Development and Psychometric Evaluation of the Thai Clinical Nurses’ Change Agent Competency Scale
DOI:
https://doi.org/10.60099/prijnr.2026.276894Keywords:
Change agent\, Clinical nurses, Competency, Instrument development, Psychometric testingAbstract
Change agent competency is necessary for clinical nurses to manage and lead change by improving the quality of care in nursing practices. It is crucial to assess the change agent competency of clinical nurses. However, change agent competency is specific to the country context, and there is no tool to assess this competency in Thai clinical nurses. Thus, this study aimed to develop and evaluate the psychometric properties of the Thai Clinical Nurses’ Change Agent Competency Scale following DeVellis and Thorpe’s seven-step guideline across two phases. Phase I involved synthesizing change theory, findings from a prior qualitative study on nurses’ perceptions of change agent competency, and results from a comprehensive literature review.

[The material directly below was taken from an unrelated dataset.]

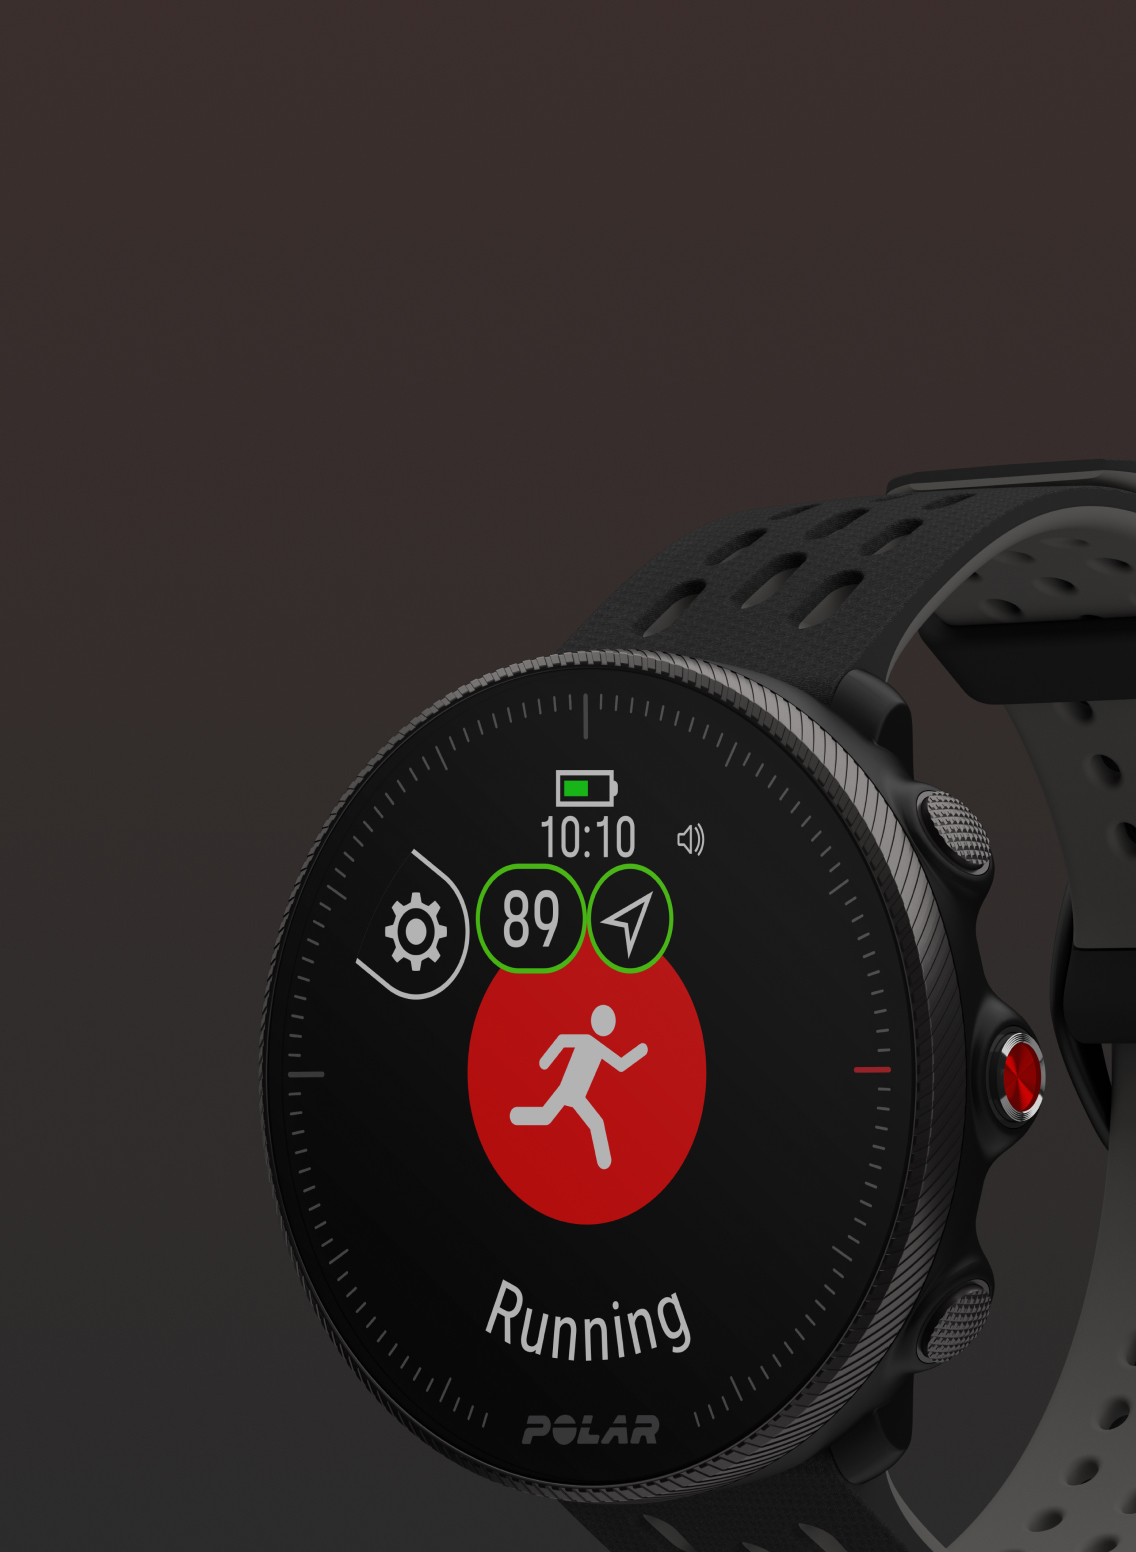  Polar Vantage M2 - Reloj inteligente multideportivo avanzado -  GPS integrado, monitor cardíaco basado en la muñeca entrenamientos diarios  - Seguimiento del sueño y la recuperación - Controles de música, clima

This process resulted in a preliminary framework comprising seven domains and 90 items. In Phase II, five experts conducted content review and pretesting of the initial instrument, resulting in an 81-item scale that demonstrated acceptable content validity and internal consistency. For the field test, psychometric evaluation, and assessment of social desirability bias, a sample of 234 clinical nurses from eight university hospitals across four regions of Thailand was used to establish construct validity and reliability.
Exploratory factor analysis revealed seven factors with 50 items: collaboration, communication, assessment and opportunity recognition, information management, improving quality of work, planning and evaluation, and goal-directed persistence and explaining 65.84% of the total variance. No social desirability bias was detected. Contrasted-group analysis also supported construct validity. The overall internal consistency (Cronbach’s alpha) of test-retest reliability was acceptable. In conclusion, the Thai Clinical Nurses’ Change Agent Competency Scale demonstrated acceptable validity and reliability. This instrument can be used to assess the change agent competency of clinical nurses in Thailand and may also apply to nurses working in similar contexts.